Search code examples
pythonalgorithmhierarchical-clusteringlinkage

How can I list out all current clusters when using a single linkage algorithm?


I'm now doing clustering on python using from scipy.cluster.hierarchy import linkage From the manual I know that it gives result in this form --> [A, B, length, #] which A and B is the indices of elements that are going to merge in this...stage(?), but can I get any information about clusters which is already merged but not going to participate in this stage?

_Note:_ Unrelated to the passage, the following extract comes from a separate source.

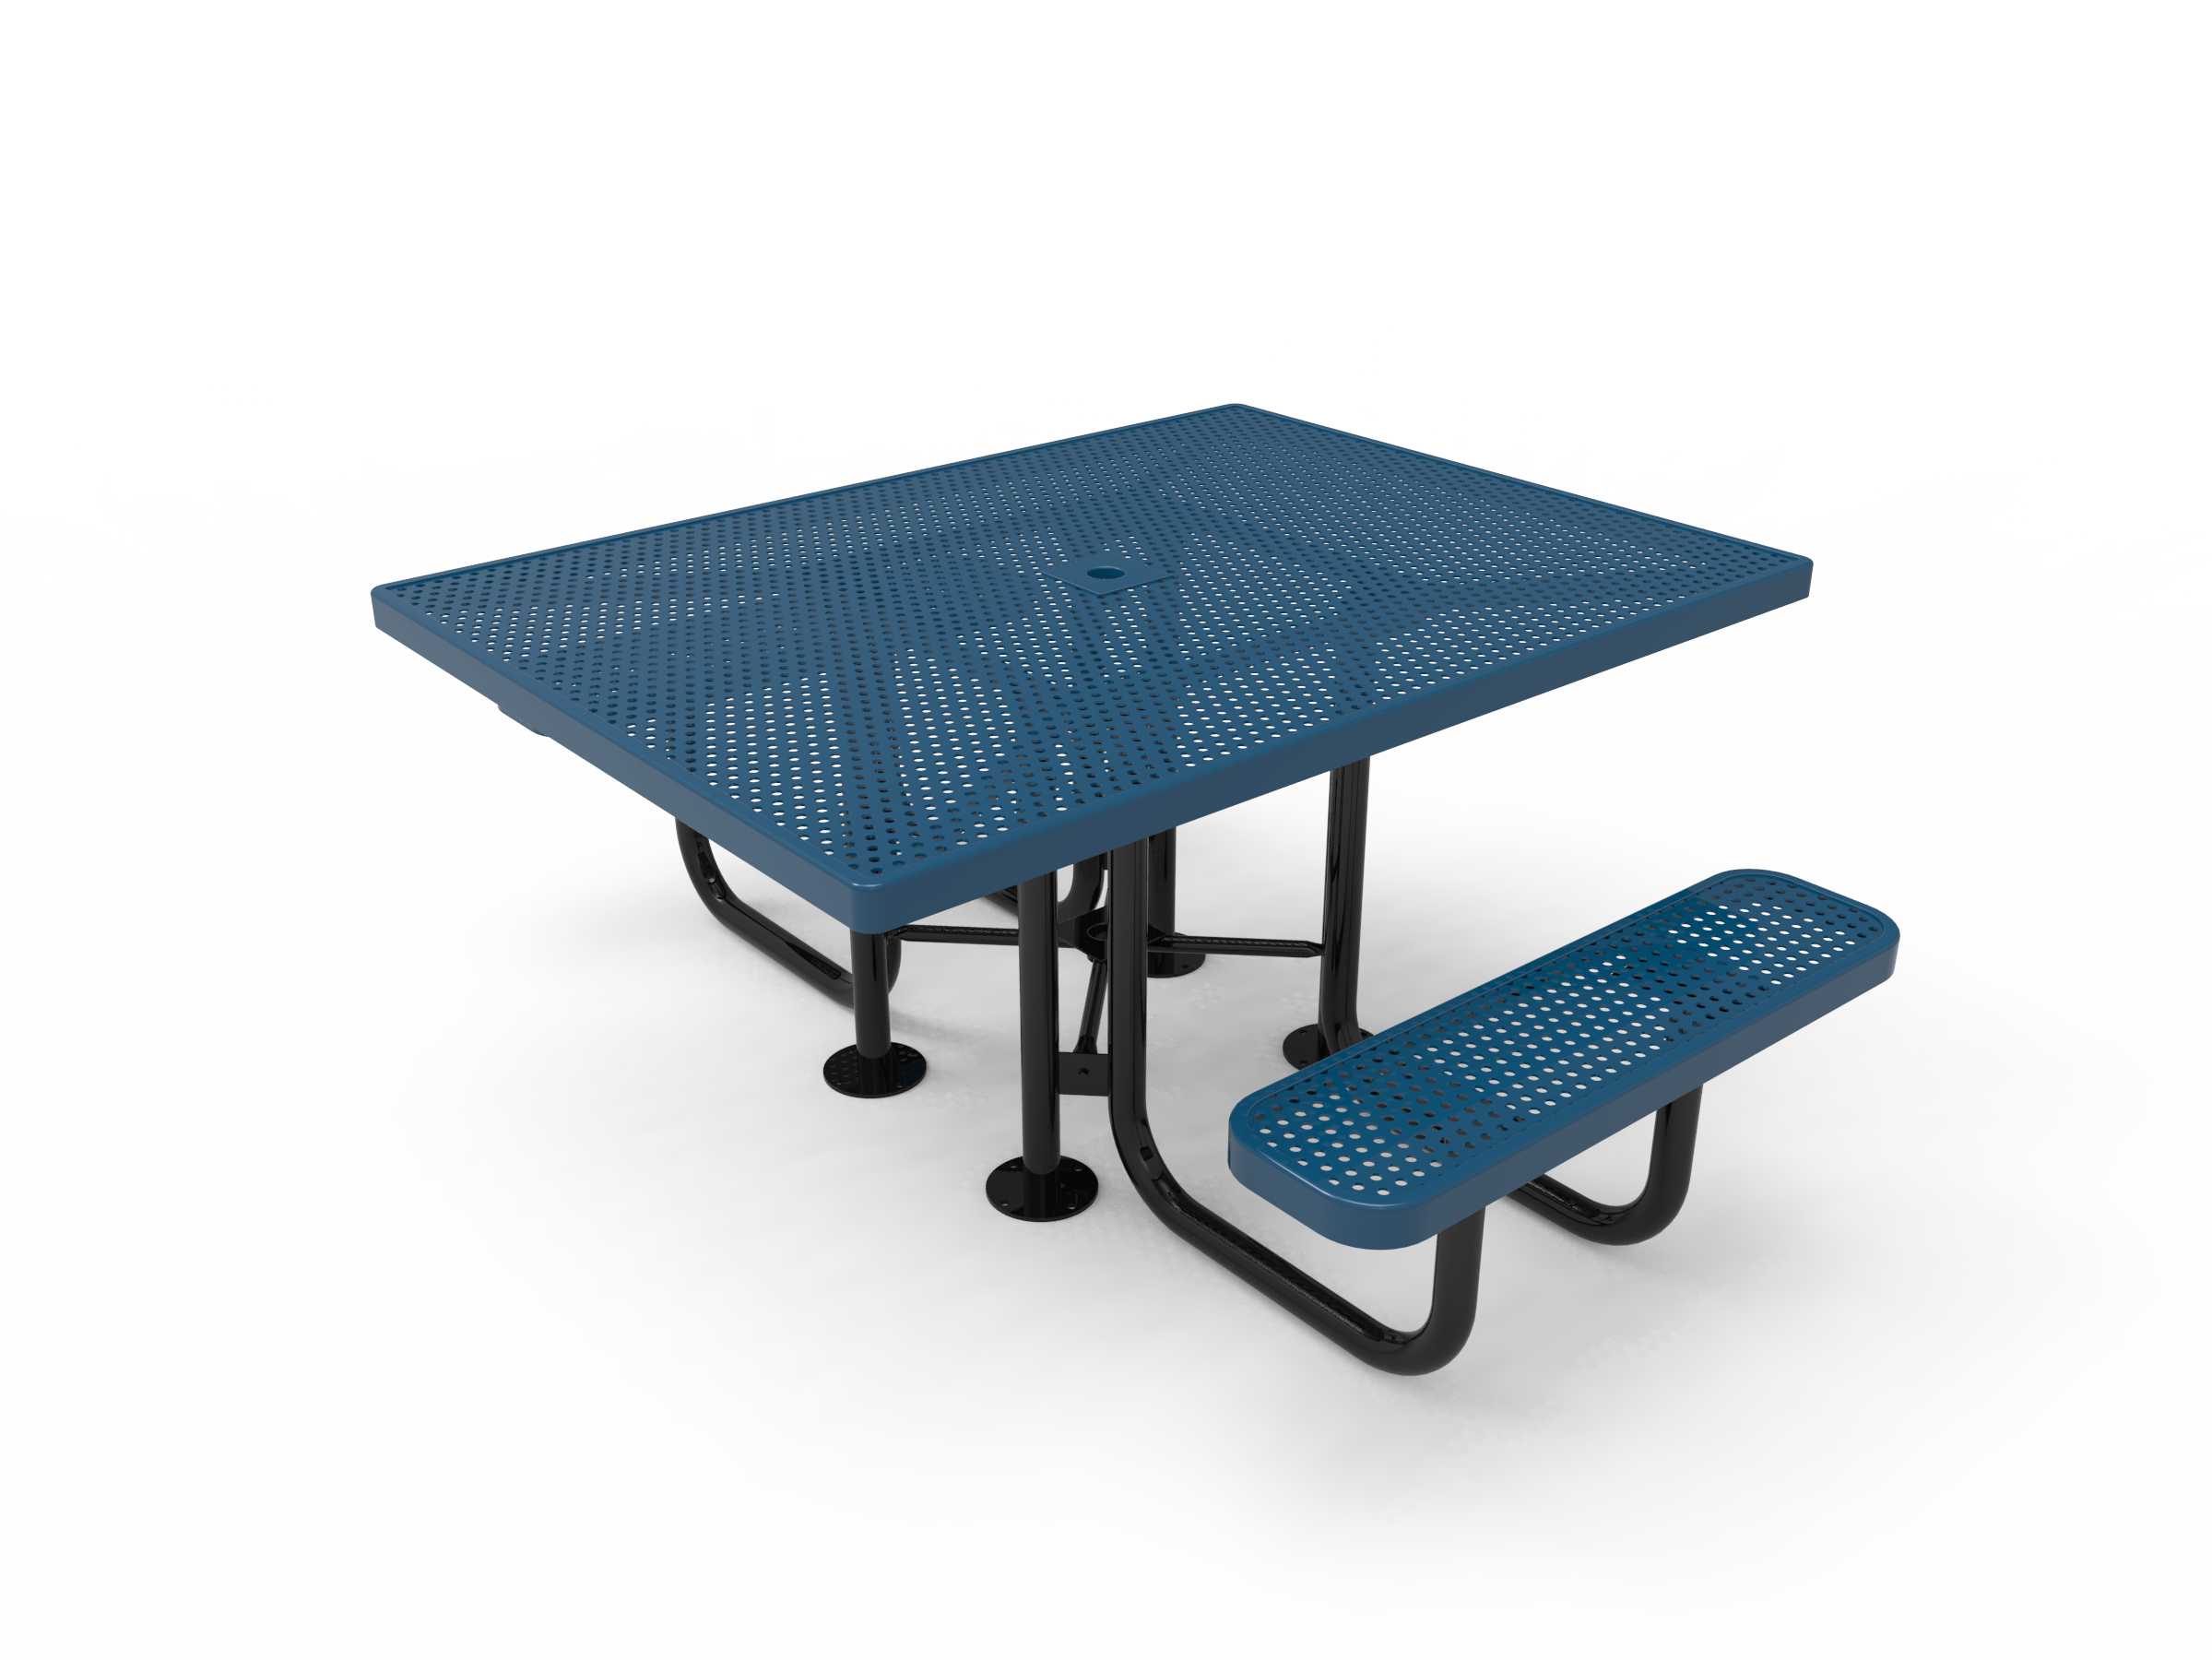 Rivendale Square Portable Table - ADA Accessible, Frame with Powder Coat Finish, Top and Seats with Standard Thermoplastic Coating

For example, my dataset is:

A=[[1,1],[1,2],[1,3],[1,4],[1,5],
   [10,1],[10,2],[10,3],[10,4],[10,5],
   [15,1],[15,2],[15,3],[15,4],[15,5],
   [30,1],[30,2],[30,3],[30,4],[30,5]]

and apply single linkage algorithm on it

Z = linkage(A, 'single')

Z=[[  0.   4.   1.   2.]
   [  1.  20.   1.   3.]
   [  2.  21.   1.   4.]
   [  3.  22.   1.   5.]
   [ 17.  19.   1.   2.]
   [  5.   9.   1.   2.]
   [  6.  25.   1.   3.]
   [  7.  26.   1.   4.]
   [  8.  27.   1.   5.]
   [ 18.  24.   1.   3.]
   [ 10.  14.   1.   2.]
   [ 11.  30.   1.   3.]
   [ 12.  31.   1.   4.]
   [ 13.  32.   1.   5.]
   [ 16.  29.   1.   4.]
   [ 15.  34.   1.   5.]
   [ 28.  33.   5.  10.]
   [ 23.  36.   9.  15.]
   [ 35.  37.  15.  20.]]

here I choose 5 to be the distance limitation in clustering, so I get

[ 28. 33. 5. 10.]

then I traced 28 and 33 back to the original indices

cut = 5
temp1 = []
temp2 = []
for i in range(len(Z)):
if Z[i][2] >= cut:
    temp1.append(Z[i])
for i in range(2):
    temp2[i].append(int(temp1[0][i]))
for j in range(0, len(temp2)):
try:
    g = max(temp2[j])
except:
    continue
G = int(g - len(A))
while g >= len(A):
    ind = temp2[j].index(g)
    temp2[j].append(int(Z[G][0]))
    temp2[j].append(int(Z[G][1]))
    del temp2[j][ind]
    g = max(temp2[j])
    G = int(g - len(A))

and found that

temp2 = [[8, 7, 6, 5, 9], [13, 12, 11, 10, 14]]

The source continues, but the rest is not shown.